- Born: February 8, 1928 Philadelphia, Pennsylvania
- Died: December 26, 2016 (aged 88) Philadelphia, Pennsylvania
- Education: Wesleyan University (B.A. 1948); University of Pennsylvania (M.D. 1952);
- Known for: Discovery of the Philadelphia chromosome
- Spouse: Helen Walker Worst (m. 1962; died 2004)
- Children: Timothy Karen Sharon Kristin Michael
- Awards: Lasker Award
- Scientific career
- Fields: Cancer research
- Workplaces: University of Pennsylvania;

= Peter Nowell =

American cancer researcher

Peter Carey Nowell (February 8, 1928 – December 26, 2016) was a cancer researcher and co-discoverer of the Philadelphia chromosome. At the time of his death, he was the Gaylord P. and Mary Louise Harnwell Emeritus Professor of Pathology and Laboratory Medicine at the University of Pennsylvania.

==Biography==
Peter Carey Nowell was born in Philadelphia. His mother was a writer and a teacher, and his father was an electrical engineer for the Bell Telephone Company.

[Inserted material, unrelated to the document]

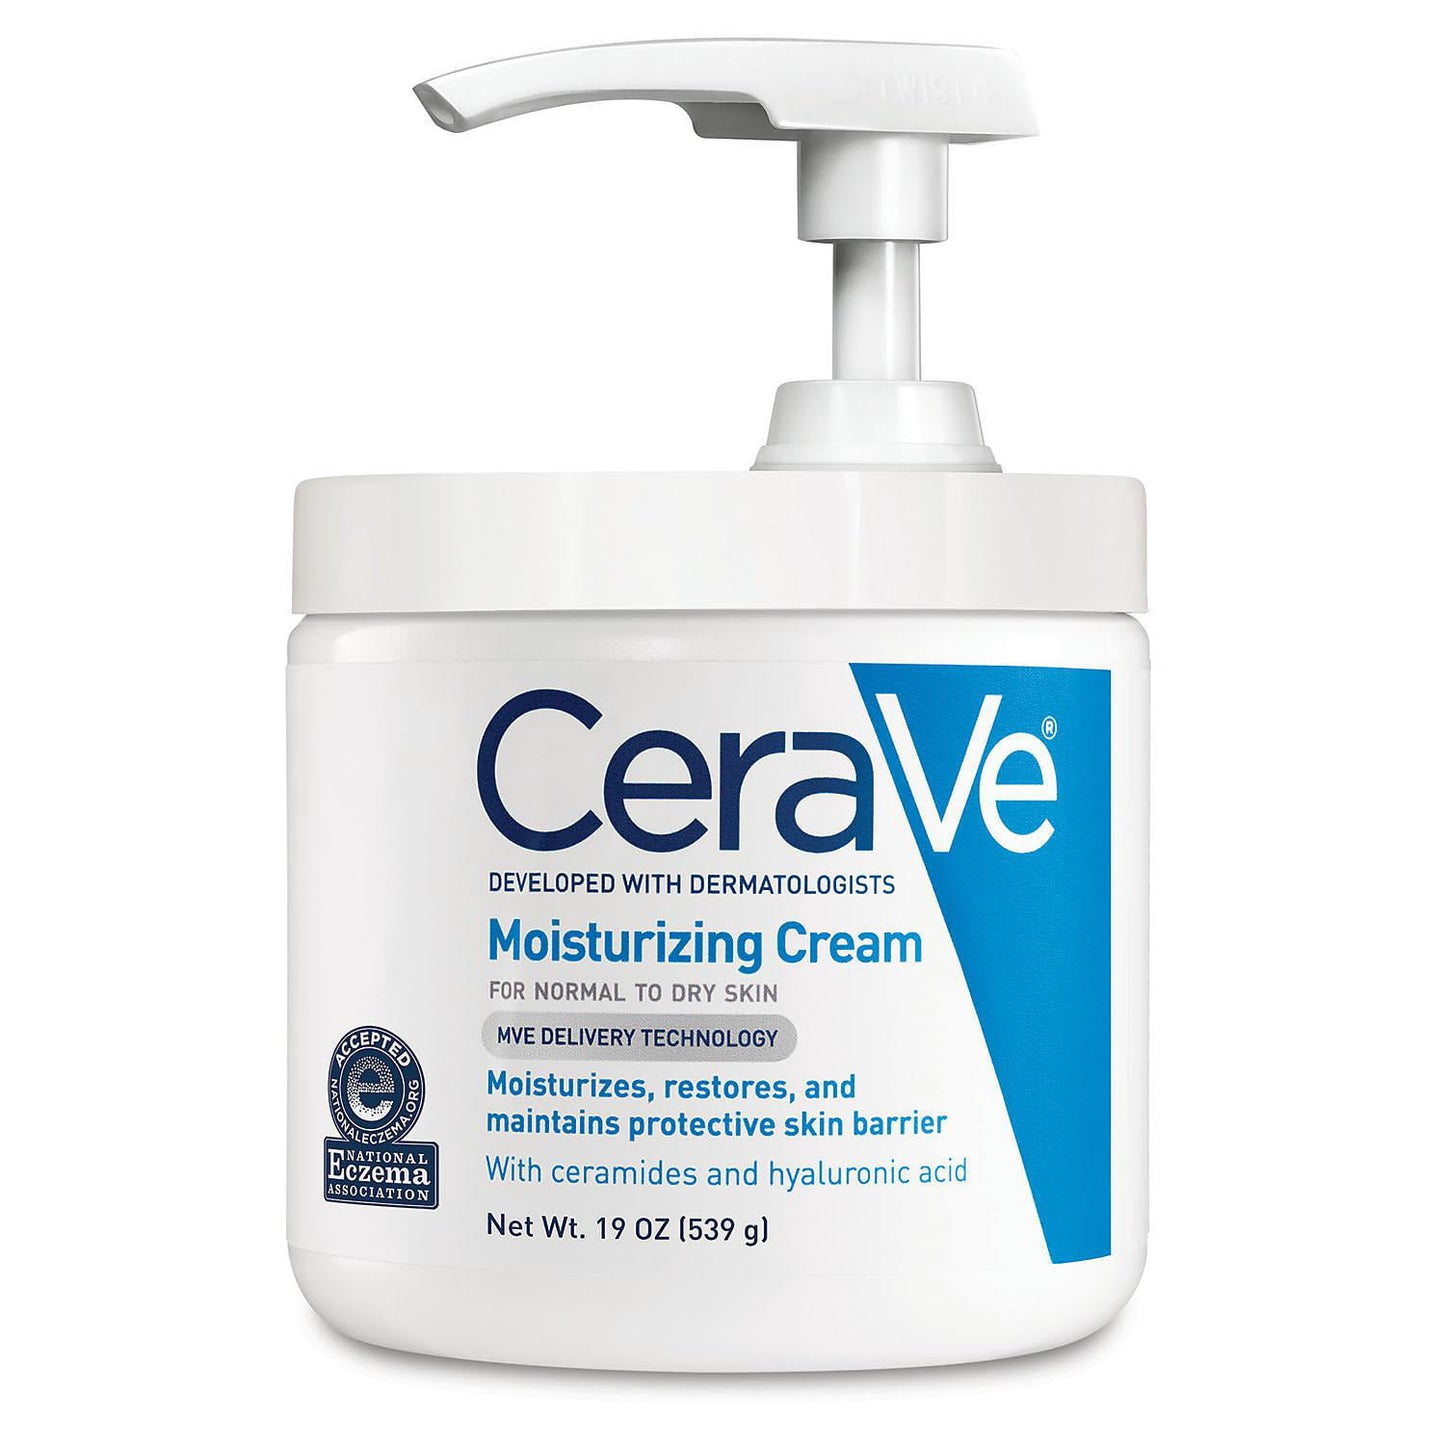 The CeraVe Moisturizing Cream with Pump (19 oz.)

He received a bachelor's degree in biology and chemistry from Wesleyan University in Middletown, Connecticut, in 1948 and a medical degree from the University of Pennsylvania in 1952. He joined the Navy, and during his tour he conducted research at the Naval Radiological Defense Laboratory in San Francisco. He joined the University of Pennsylvania faculty in 1956. At the time of his death, he was chairman of the department of pathology and laboratory medicine at Penn.

In 1952 Nowell married Helen Walker Worst. They had five children. His wife died in 2004.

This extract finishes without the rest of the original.